En 1938, avec courage et détermination, il combat les accord de Munich, et démissionne de la Société des Nations, qu'il juge incompétente et laxiste.
Le 19 juin 1940, ayant eu connaissance de l'appel du Général de Gaulle, il s'embarque à St-Jean-de-Luz à destination de l'Angleterre.

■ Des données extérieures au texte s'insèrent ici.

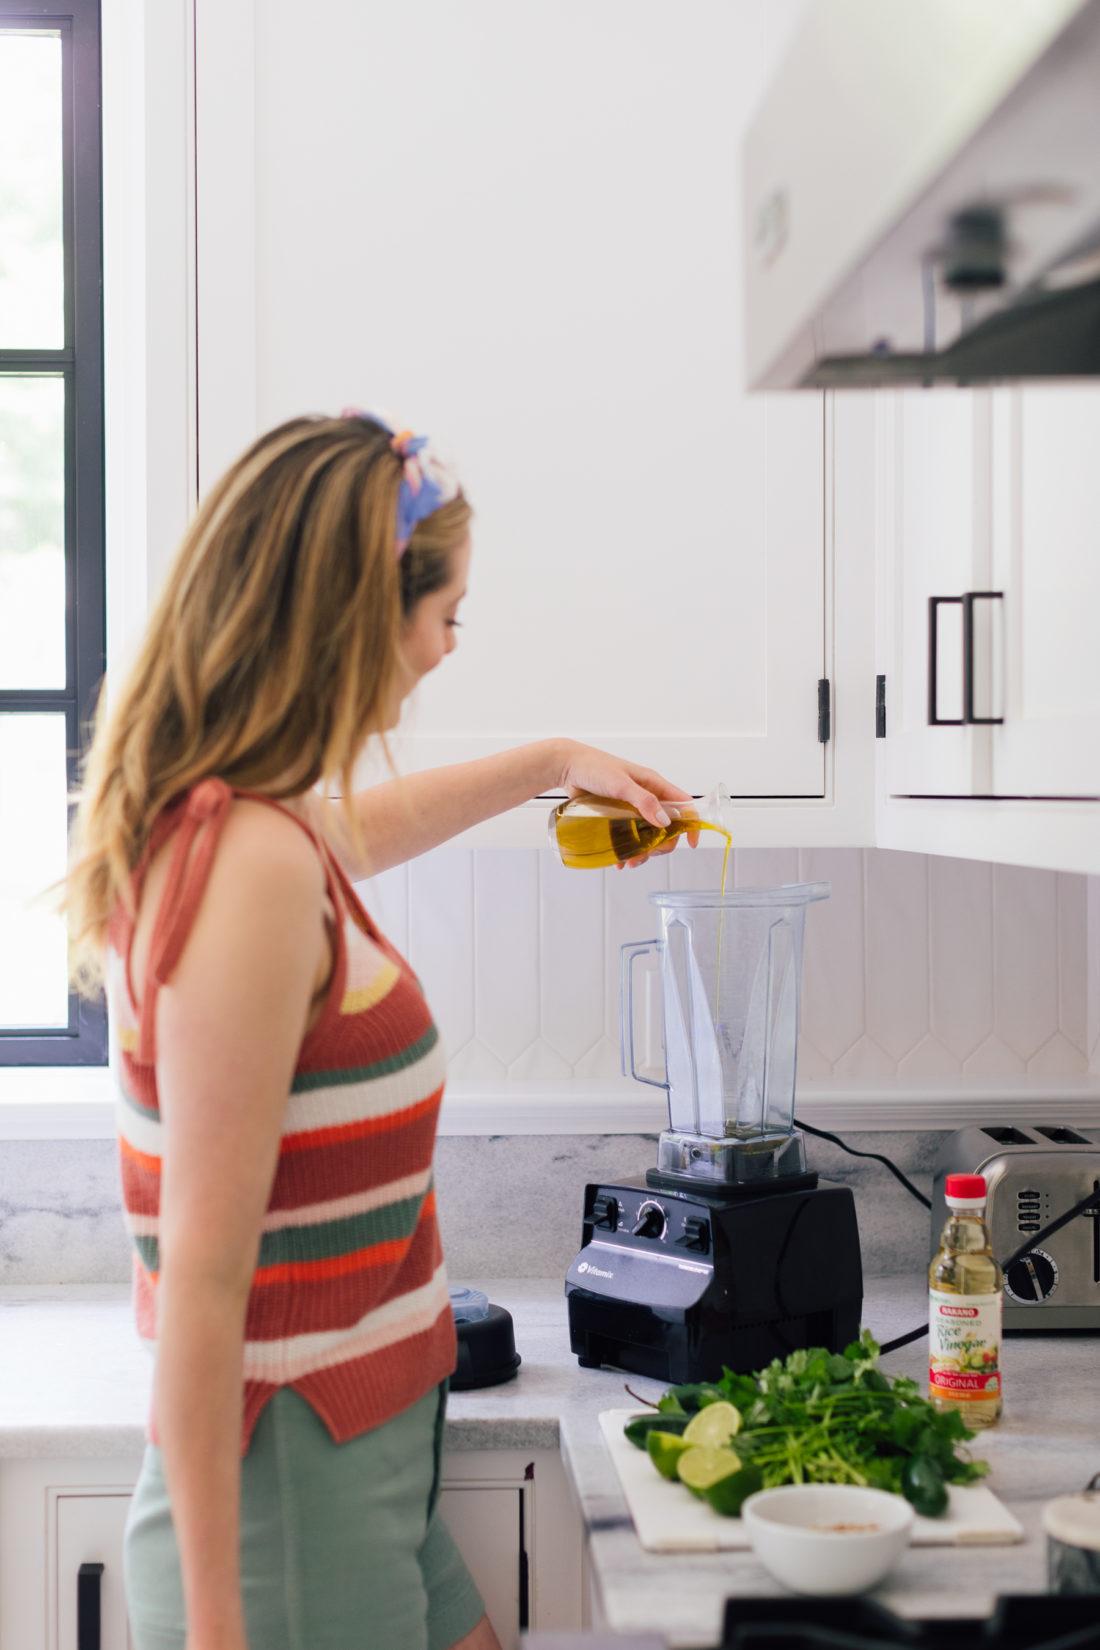 Eva Amurri Martino makes the vinaigrette for Buster's Famous Green Fish recipe

Dix jours plus tard, il offre ses services au Général de Gaulle, dont il devient le conseiller juridique.
Rappelons qu'il fut le principal artisan de l'accord du 7 octobre 1940, conclut entre Sir Winston Churchillet le Général de Gaulle, accord qui officialisera l'existence et l'indépendance de la France Libre.
Dès 1942, il établit les principes d'un nouvel ordre international, lequel sera concrétisé par la Déclaration universelle des Droits de l'Homme de 1948, dont il rédige le préambule.
Vice-président du Conseil d’Etat, créateur et président de l’Ecole Nationale d’Administration, vice-président, puis président de la Cour Européenne des Droits de l’Homme, René Cassin recevra le 10 décembre 1968, le Prix Nobel de la Paix.
Compagnon de la Libération, Grand Croix de la Légion d'honneur, Médaillé Militaire, titulaire des croix de guerre 1914-1918 et 1939-1945, Médaillé de la Résistance, Commandeur des Palmes académiques, René Cassin était titulaire de très nombreuses décorations françaises et étrangères.
Il s’est éteint le 20 février 1976 à l’âge de 89 ans et ses cendres ont été transférées au Panthéon le 5 octobre 1987, jour anniversaire du centenaire de sa naissance.
Je terminerai cette brève et fort incomplète énumération des mérites de René Cassin, en citant l’un de ses messages, celui délivré en clôture de son discours de réception du Prix Nobel : <<J’adore mon pays d’un cœur qui déborde ; et plus je suis Français, plus je me sens humain>>.
Nous allons maintenant déposer une gerbe sur son tombeau et nous prions M. Del Grande, représentant de Monsieur le Président de la République et M. le Secrétaire d’Etat à la Défense et aux anciens combattants et M. Baetche, Maire adjoint, de bien vouloir effectuer ce geste en ma compagnie.
Au moment du dépôt, nous vous prierons d’observer un instant de recueillement, puis l’espace étant exigu, si vous le souhaitez vous pourrez tour à tour vous incliner devant le sépulcre de René Cassin.
Mesdames et Messieurs, l’Union fédérale vous remercie du plus profond de son âme.